Пока караван разбивали, мы с одним товарищем (Сергеем Бибиковым) отошли в сторону от этого места, потому что рядом кто-то от каравана отделился и убегал. Сейчас я понимаю, что это была глупость, потому что трава была высокая, патронов у нас в магазинах было мало, так как на взятии каравана мы их перестреляли. С собой была россыпь патронов, то есть при необходимости их надо было заряжать, и только один целый рожок остался в пулемете. Тем не менее, мы настигли того, кто убегал. Слава Богу, что никто из наемников там не оказался, нам не пришлось стрелять, потому что нас могли запросто в этой траве зарезать, застрелить или взять в плен. Можно сказать, что нам просто очень повезло.

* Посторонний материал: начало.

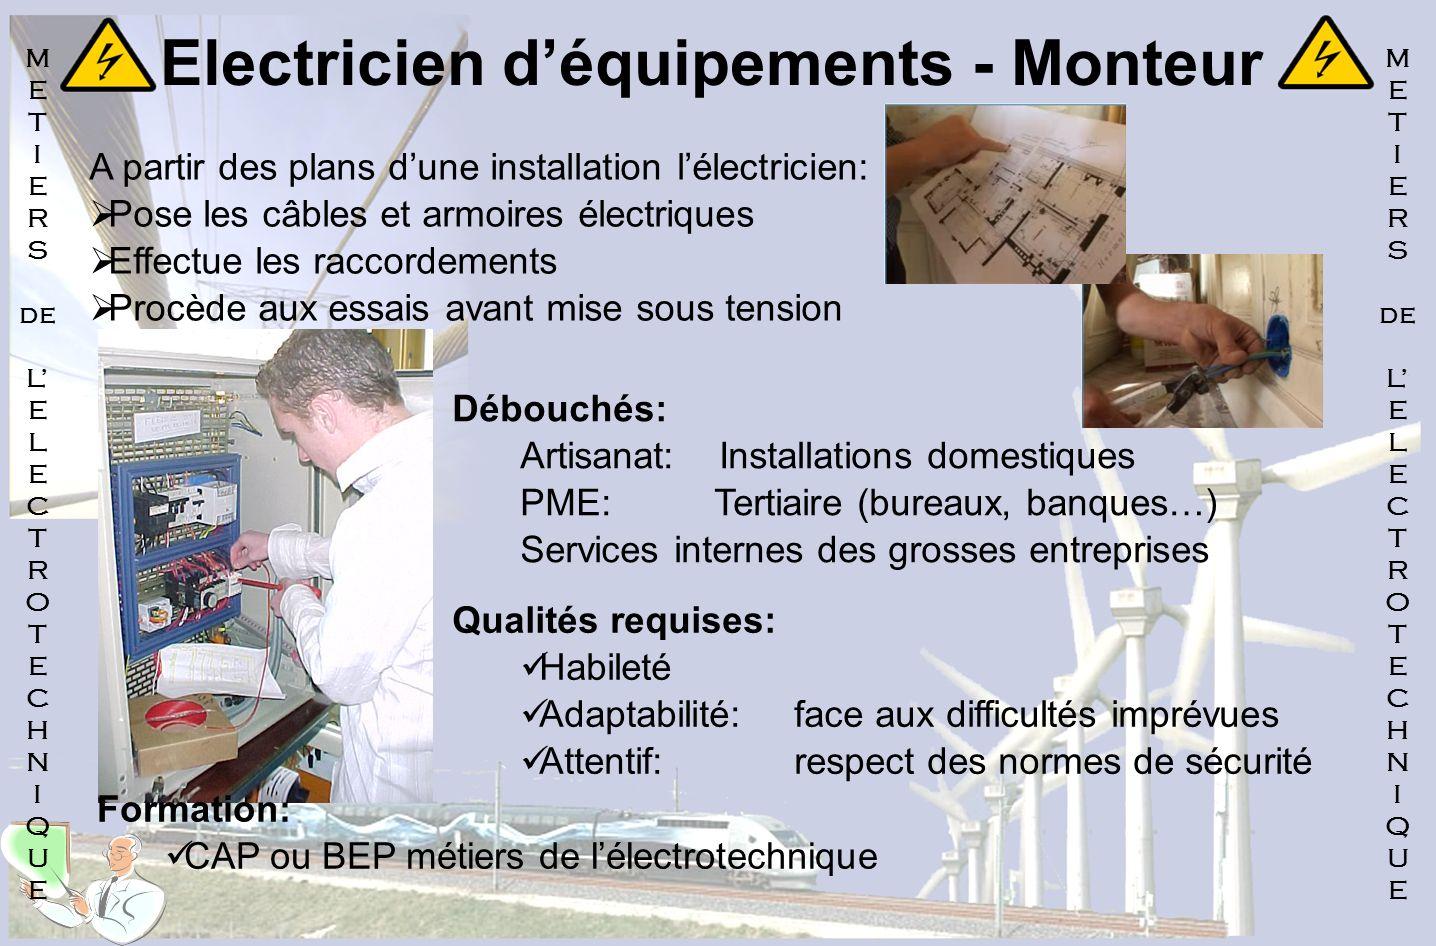 Electricien d'équipements - Monteur
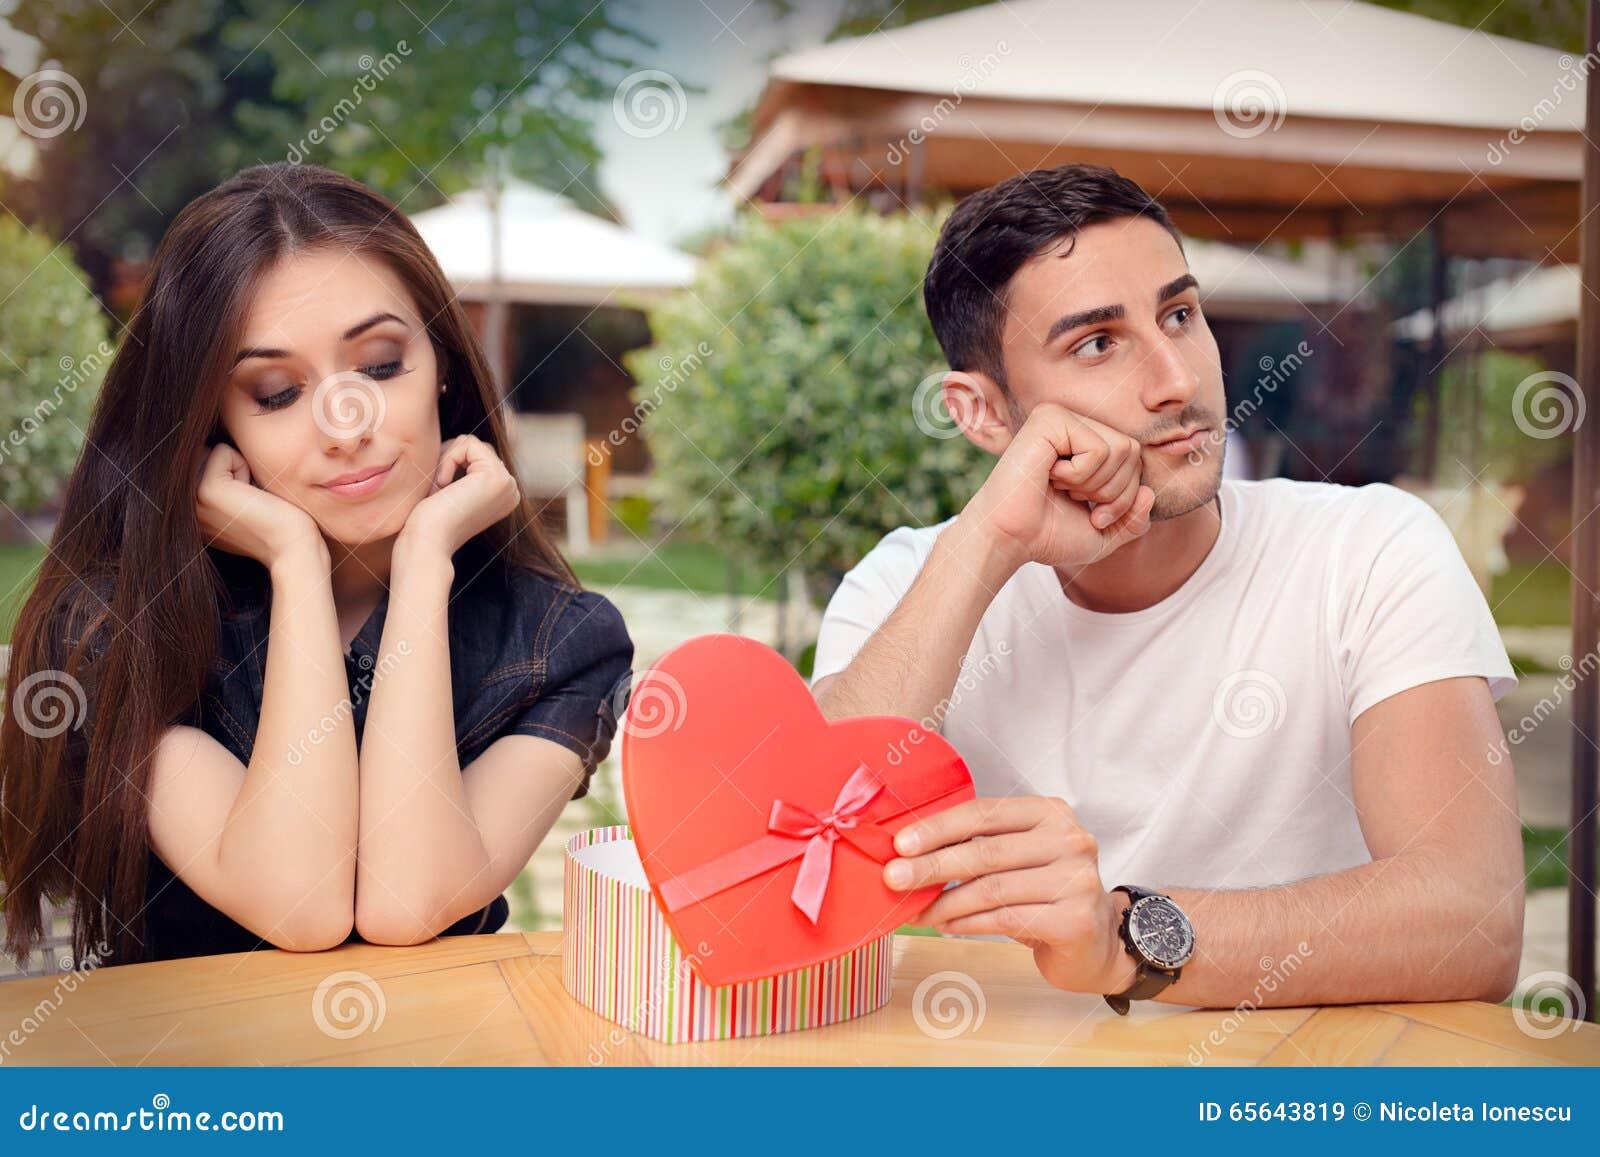 Fille déçue sur son Valentine Gift From Boyfriend
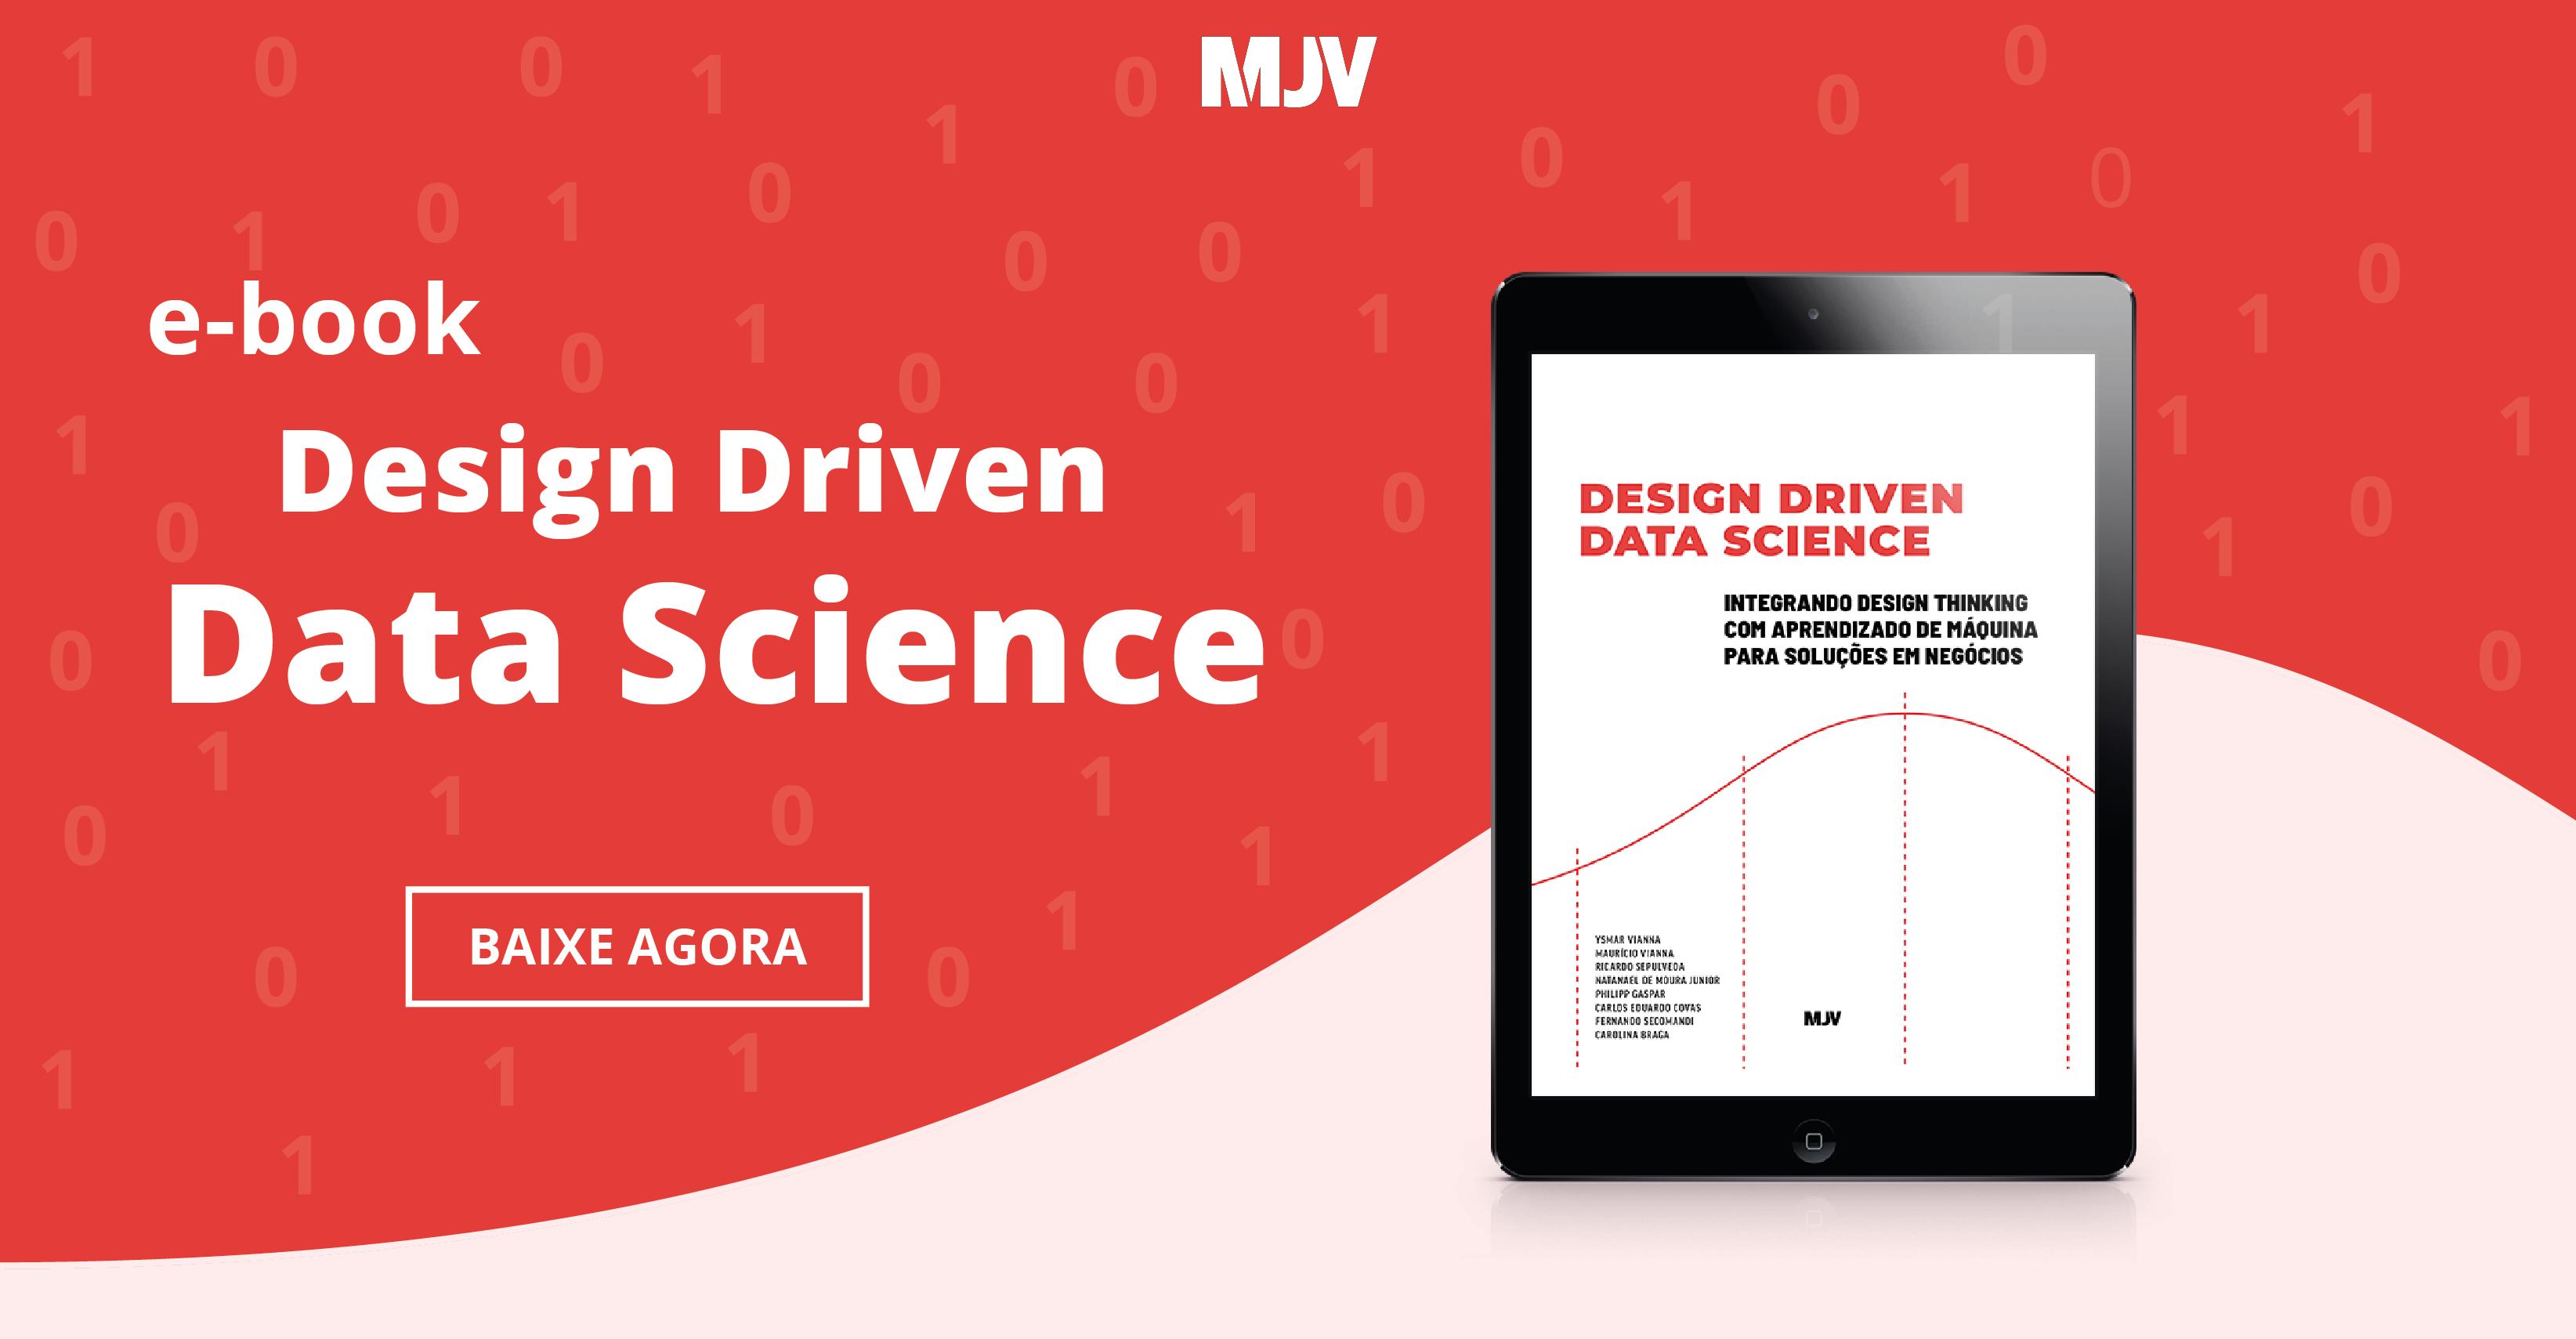 Acesso ao Ebook Design Driven Data Science
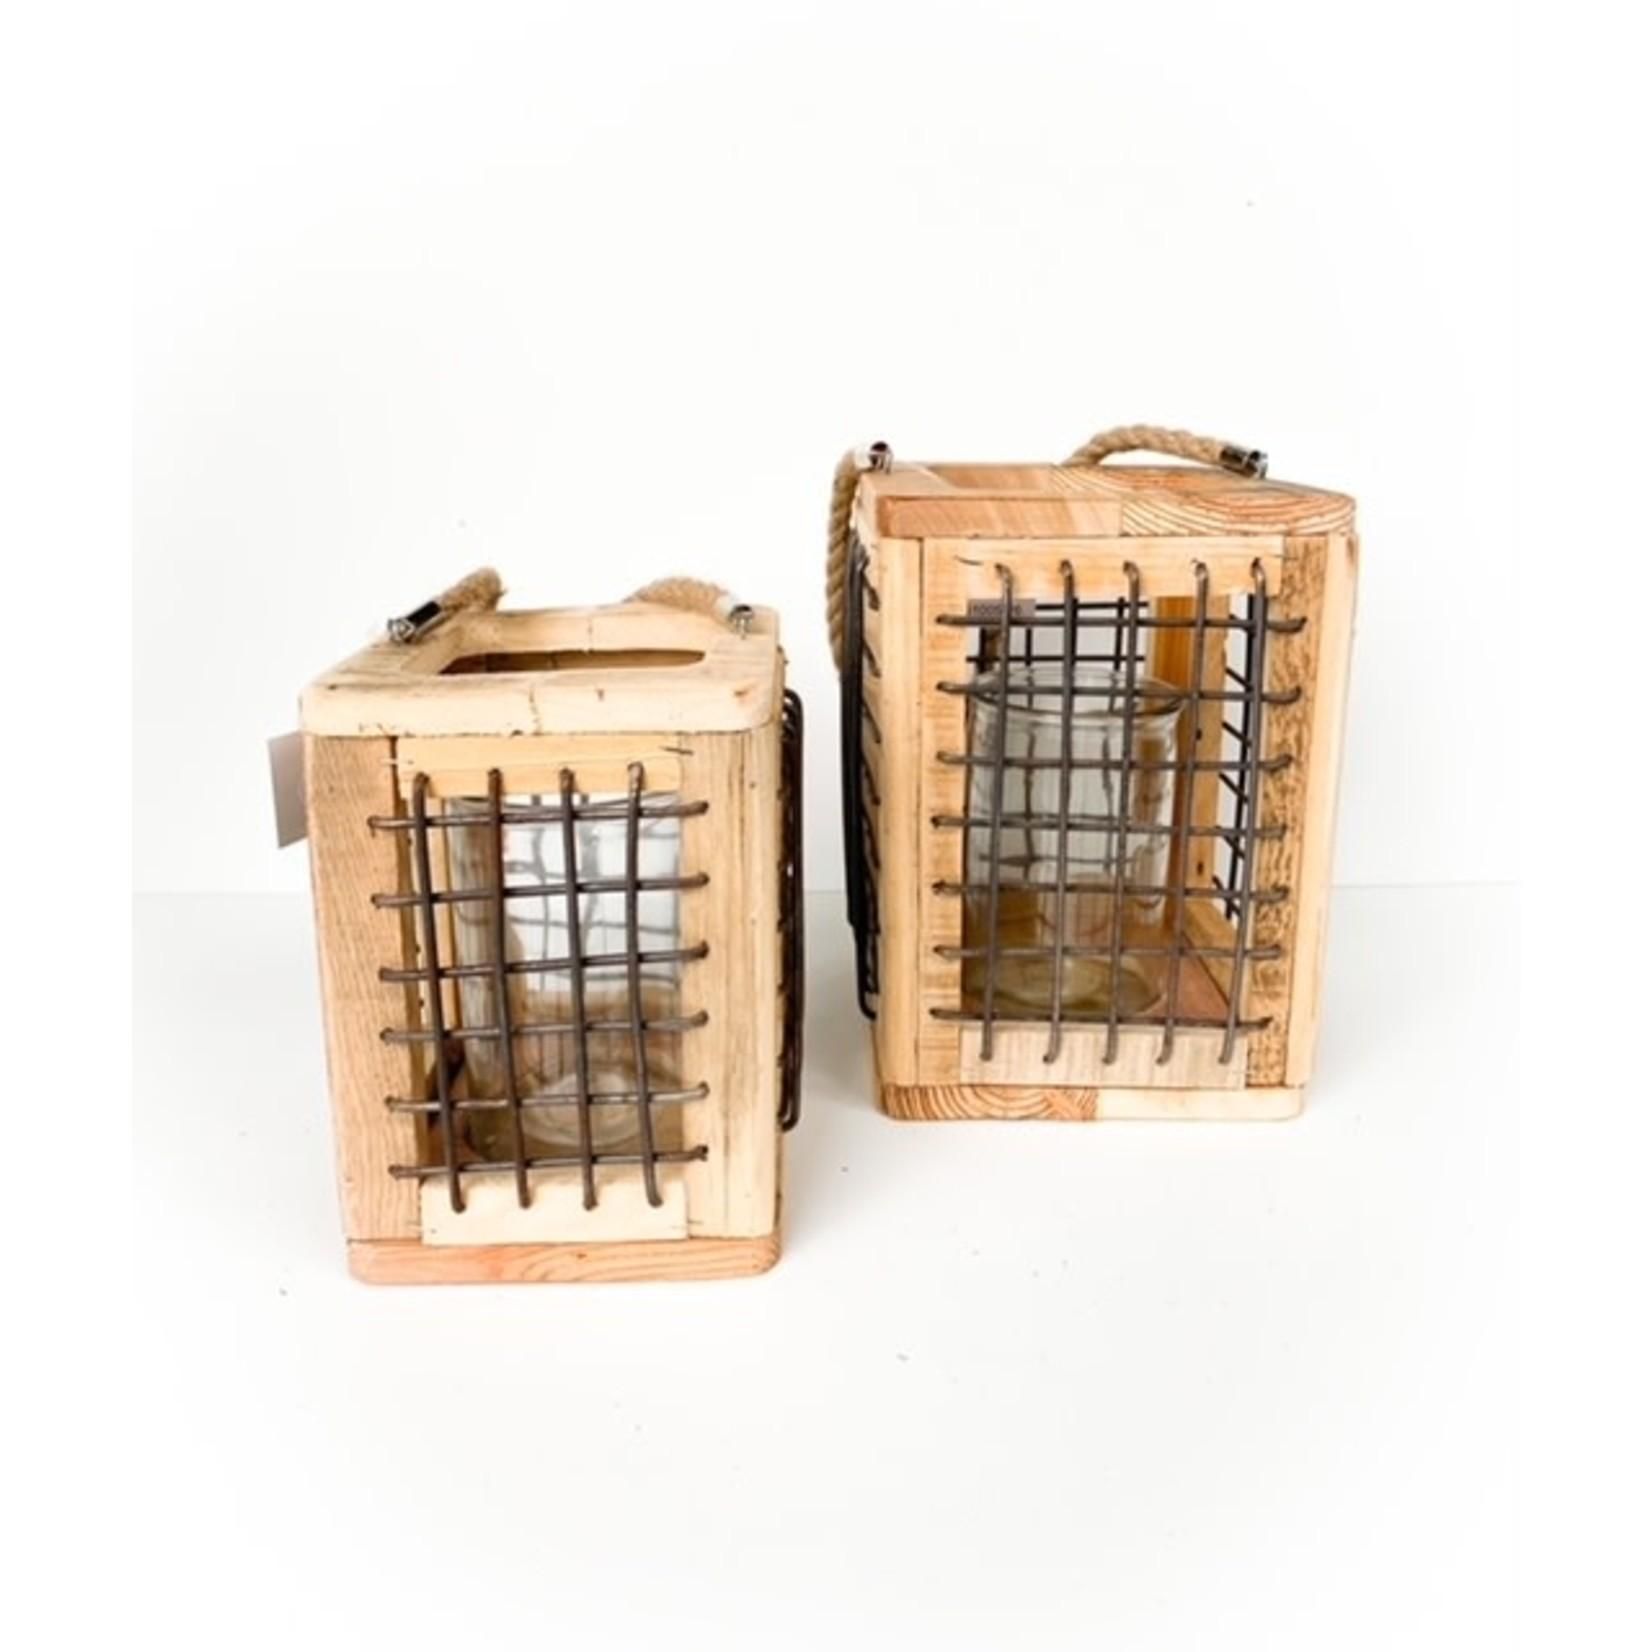 Wood/Wire Lantern

И мы с Сергеем поймали ишачка. Он оказался очень полезным для нас, потому что на нем была плита от миномета, а самое главное — это переписка духовская (душманская). И когда мы этого ишака привели, то все офицеры, особенно командир моей роты (Поганец Андрей), были очень рады. Меня приставили к ордену Красной Звезды. Но так получилось, что мы ее похоронили, наградные сгорели. Я не считаю себя таким боевиком или воином, который достоин носить орден Красной Звезды. А потом уже командир роты представил к награде «За боевые заслуги».
После военных действий, уже на «гражданке», Андрей трагически погиб. В свое время он был простым солдатом, потом уже стал офицером. И, конечно, в своем батальоне из офицеров он был одним из самых опытных, поэтому многие прислушивались к его мнению, чтобы не терять людей. Мне с ним было легко и приятно служить.
Константин Долбилов, будучи талантливым человеком, написал об этой операции песню:
В 1983 году также был еще один веселый случай. Не помню точно месяц, но, в общем, пошли мы с ребятами из нашего подразделения за водой. С собой у каждого были автомат, подсумки и фляжки для воды. С нами пошли человека два-три «зеленых», то есть бойцов афганской армии.
Были молодые, мест толком не знали, а ребячество какое-то все еще присутствовало. И я по своей инициативе решил сократить путь. Все ребята пошли в левую сторону обходить скалу, а я решил, что можно напрямую пройти и выйти к реке раньше, чем они.
Мы разошлись. Было здорово, потому что уклон, по которому я спускался, был довольно-таки большой — градусов 45. Склон был покрыт щебенкой с песком и мелкими кустиками. У меня тогда был новый маскхалат. Я с «калашом» (автоматом Калашникова) съехал потихоньку вниз с горочки, как мне казалось вроде уже поближе к реке, и остановился на небольшой площадке, с полметра, наверное.
Внизу находился девятиэтажный дом и перед ним река. Эмоций у меня тогда возникла масса, а наши тем временем уже спустились к реке. Ребята с моей роты, увидев меня, начали смеяться, так как в чем дело, стоя внизу, они не понимали. А «зеленые» показывали, что мне «конец». Вниз я спрыгнуть не могу, а наверх забраться практически нереально. Под ногами осыпающийся щебень, кустики, растущие на склоне, маленькие, цепляться практически не за что.